*** Opening Source data ***

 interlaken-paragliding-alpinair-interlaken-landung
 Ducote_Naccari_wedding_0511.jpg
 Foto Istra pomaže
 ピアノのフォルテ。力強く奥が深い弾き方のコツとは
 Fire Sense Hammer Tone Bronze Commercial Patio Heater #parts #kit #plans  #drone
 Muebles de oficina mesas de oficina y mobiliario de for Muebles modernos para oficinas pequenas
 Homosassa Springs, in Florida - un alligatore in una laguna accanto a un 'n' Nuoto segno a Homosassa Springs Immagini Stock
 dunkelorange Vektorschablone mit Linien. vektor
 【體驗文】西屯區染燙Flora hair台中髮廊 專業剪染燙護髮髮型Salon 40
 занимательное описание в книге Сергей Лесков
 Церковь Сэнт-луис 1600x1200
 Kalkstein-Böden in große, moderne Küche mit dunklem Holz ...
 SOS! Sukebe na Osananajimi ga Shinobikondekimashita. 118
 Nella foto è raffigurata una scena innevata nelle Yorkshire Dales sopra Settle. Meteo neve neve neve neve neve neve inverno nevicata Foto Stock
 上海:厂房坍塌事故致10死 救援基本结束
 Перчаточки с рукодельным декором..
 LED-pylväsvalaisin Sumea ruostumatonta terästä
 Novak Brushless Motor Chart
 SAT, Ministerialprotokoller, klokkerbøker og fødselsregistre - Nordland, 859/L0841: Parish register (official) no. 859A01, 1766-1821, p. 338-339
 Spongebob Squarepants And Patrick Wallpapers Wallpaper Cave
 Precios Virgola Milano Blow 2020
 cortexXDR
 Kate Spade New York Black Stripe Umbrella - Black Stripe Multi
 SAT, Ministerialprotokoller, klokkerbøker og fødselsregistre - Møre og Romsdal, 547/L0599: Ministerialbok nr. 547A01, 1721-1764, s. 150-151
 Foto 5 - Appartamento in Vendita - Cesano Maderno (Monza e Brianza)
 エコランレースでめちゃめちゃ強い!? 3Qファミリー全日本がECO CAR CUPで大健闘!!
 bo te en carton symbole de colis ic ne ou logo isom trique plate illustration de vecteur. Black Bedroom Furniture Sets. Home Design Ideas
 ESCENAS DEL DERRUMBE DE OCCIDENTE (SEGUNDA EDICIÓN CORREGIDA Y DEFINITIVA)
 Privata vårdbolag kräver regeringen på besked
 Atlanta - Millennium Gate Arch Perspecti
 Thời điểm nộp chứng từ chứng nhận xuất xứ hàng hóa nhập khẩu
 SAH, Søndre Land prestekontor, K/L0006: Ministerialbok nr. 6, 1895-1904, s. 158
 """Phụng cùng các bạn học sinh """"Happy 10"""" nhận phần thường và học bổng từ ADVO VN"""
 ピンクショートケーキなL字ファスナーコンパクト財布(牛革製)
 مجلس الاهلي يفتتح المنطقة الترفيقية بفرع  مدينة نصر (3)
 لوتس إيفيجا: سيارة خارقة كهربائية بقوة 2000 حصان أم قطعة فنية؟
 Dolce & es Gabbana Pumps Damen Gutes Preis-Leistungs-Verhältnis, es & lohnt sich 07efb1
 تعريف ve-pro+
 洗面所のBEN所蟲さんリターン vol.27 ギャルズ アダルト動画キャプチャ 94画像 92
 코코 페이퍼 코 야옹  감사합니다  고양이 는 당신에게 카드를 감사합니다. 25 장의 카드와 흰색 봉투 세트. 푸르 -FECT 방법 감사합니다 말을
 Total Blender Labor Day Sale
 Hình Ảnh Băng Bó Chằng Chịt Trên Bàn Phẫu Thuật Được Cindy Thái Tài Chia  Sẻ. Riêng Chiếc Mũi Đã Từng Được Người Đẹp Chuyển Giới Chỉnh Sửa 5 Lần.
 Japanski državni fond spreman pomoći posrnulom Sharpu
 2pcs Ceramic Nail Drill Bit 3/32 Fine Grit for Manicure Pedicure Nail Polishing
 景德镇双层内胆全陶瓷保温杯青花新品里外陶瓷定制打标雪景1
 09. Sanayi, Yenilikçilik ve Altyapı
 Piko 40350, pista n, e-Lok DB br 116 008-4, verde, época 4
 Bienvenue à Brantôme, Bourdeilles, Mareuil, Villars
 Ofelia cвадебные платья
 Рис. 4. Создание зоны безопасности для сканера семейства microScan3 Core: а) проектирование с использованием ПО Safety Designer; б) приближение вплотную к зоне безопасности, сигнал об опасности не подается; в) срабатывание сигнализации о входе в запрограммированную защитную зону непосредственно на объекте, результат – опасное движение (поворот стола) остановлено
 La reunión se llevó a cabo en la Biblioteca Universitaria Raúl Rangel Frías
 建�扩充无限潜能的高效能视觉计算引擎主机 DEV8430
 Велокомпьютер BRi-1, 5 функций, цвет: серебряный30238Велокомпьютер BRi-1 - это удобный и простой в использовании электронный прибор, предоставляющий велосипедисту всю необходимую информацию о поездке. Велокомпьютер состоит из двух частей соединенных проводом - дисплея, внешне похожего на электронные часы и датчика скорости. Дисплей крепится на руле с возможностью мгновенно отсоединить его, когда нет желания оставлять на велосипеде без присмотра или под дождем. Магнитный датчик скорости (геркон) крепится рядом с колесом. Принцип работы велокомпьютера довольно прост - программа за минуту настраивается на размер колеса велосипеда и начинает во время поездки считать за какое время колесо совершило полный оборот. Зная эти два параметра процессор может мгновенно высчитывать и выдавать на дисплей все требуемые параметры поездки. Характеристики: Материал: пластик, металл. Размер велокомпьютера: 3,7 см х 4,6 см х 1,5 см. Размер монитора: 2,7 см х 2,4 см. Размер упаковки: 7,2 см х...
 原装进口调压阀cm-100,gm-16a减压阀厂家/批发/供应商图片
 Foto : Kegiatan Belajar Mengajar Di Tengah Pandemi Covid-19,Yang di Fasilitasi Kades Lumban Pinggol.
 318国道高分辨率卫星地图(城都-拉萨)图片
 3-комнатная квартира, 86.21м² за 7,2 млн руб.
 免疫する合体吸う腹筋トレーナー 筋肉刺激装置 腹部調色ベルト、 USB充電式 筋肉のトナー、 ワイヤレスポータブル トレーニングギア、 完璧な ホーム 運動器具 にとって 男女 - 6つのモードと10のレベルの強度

*** Closing Source data ***

Required work: Reproduce only the lines above spanning from the line containing "Hình Ảnh Băng" through the line containing "Piko 40350, pista", word for word.

Exercise result:
 Hình Ảnh Băng Bó Chằng Chịt Trên Bàn Phẫu Thuật Được Cindy Thái Tài Chia  Sẻ. Riêng Chiếc Mũi Đã Từng Được Người Đẹp Chuyển Giới Chỉnh Sửa 5 Lần.
 Japanski državni fond spreman pomoći posrnulom Sharpu
 2pcs Ceramic Nail Drill Bit 3/32 Fine Grit for Manicure Pedicure Nail Polishing
 景德镇双层内胆全陶瓷保温杯青花新品里外陶瓷定制打标雪景1
 09. Sanayi, Yenilikçilik ve Altyapı
 Piko 40350, pista n, e-Lok DB br 116 008-4, verde, época 4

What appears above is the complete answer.